In practice, when converting the data for the plot, ggplot should do
converted <- factor(mydata, levels=unique(mydata))
If you point be towards where the data is initially handled, I might even be able to fix this myself.
This always confuses me - if your data is c(3, 1, 5) you don't expect the numbers to be ordered differently. I think it's better for people to learn how factors work in R than for ggplot2 to do something magical. I suspect if I did make the change, there would be just as many (if not more) people complaining that ggplot2 no longer ordered character variables alphabetically.
c(3, 1, 5)
Factors are useful but they serve a specific purpose, which I would summarize as: remember the number and possibly order of levels even on a subset of the data. This is mandatory for many statistical analyses and they are an important aspect of R as a statistical language.
But R has grown into more than just a "statistics package". It is used for all sorts of data-centric tasks, and ggplot in particular can be used to explore any data, not specifically with a statistical point of view (it is used by plenty of physicists in my lab who don't want to hear about stats).
My argument is that the current behaviour forces people to know and care about factors while one can efficiently use R without them. The existence of default.stringsAsFactors() to avoid having every string automatically converted into a factor comforts me in thinking that factors are not mandatory.
Another way to look at it is:
if you do care about the order the proposed behaviour allows you to
In contrast, the current behaviour forces you to know about factors (and if you don't, appears to be doing something "magical" and surprising with your data).
So I think the proposed behaviour is more versatile and has an easier learning slope than the current one, while maintaining all functionality. The only downside it that ggplot itself won't automatically order strings alphabetically, but you usually get this functionality by letting default.stringsAsFactors() with its default value of TRUE and reading your data/creating a data.frame for plotting in ggplot (i.e. feeding ggplot factors instead of strings).

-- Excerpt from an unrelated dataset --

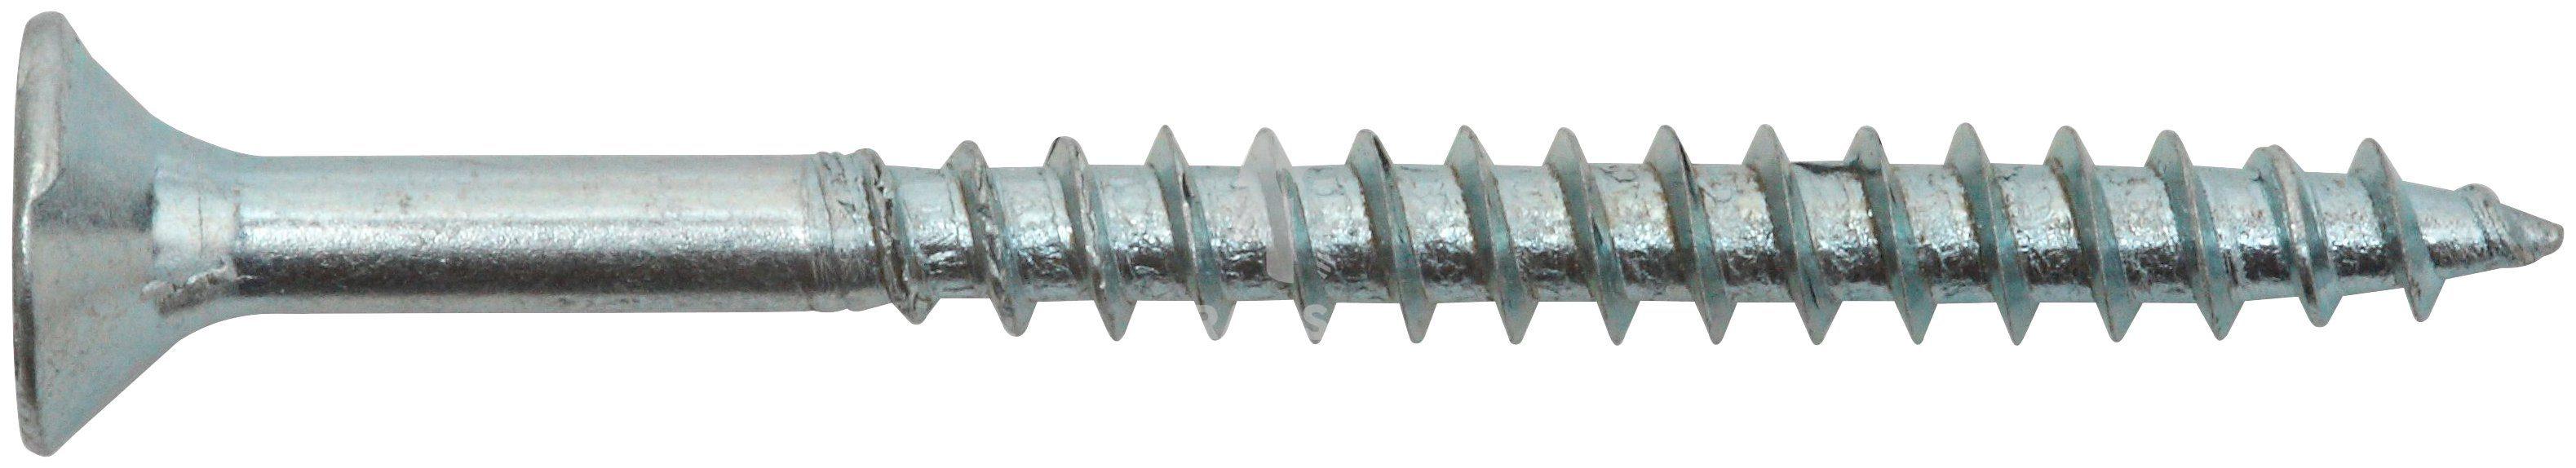 RAMSES Schrauben , Spanplattenschraube 6 x 150 mm PZ3 50 Stk.

To finish up, I would say that I, personally, know and use factors; but even so, I am often bit by strange errors that come from using them. But, mainly, my suggestion comes from trying to teach people new to R/ggplot or non-statisticians and factors are always a difficult step (leading to the inevitable: "why do I need to care about that when I just want to plot stuff" ;) ).
I don't know which is better but in my view I like the current behavior.
@jiho, what do you think the order of variable should be if each element are duplicated:
d <- data.frame(size=c("S", "M", "L", "M", "S"), value=c(3,6,7,9,0), stringsAsFactors=FALSE)
The order of the first occurrence of each level, i.e. what
unique(c("S", "M", "L", "M", "S"))
While I can see your point, I really think that would be counter-intuitive behaviour. Some things are confusing because you need to learn a bit more about how R works. It's more effort now, but pays off in the future.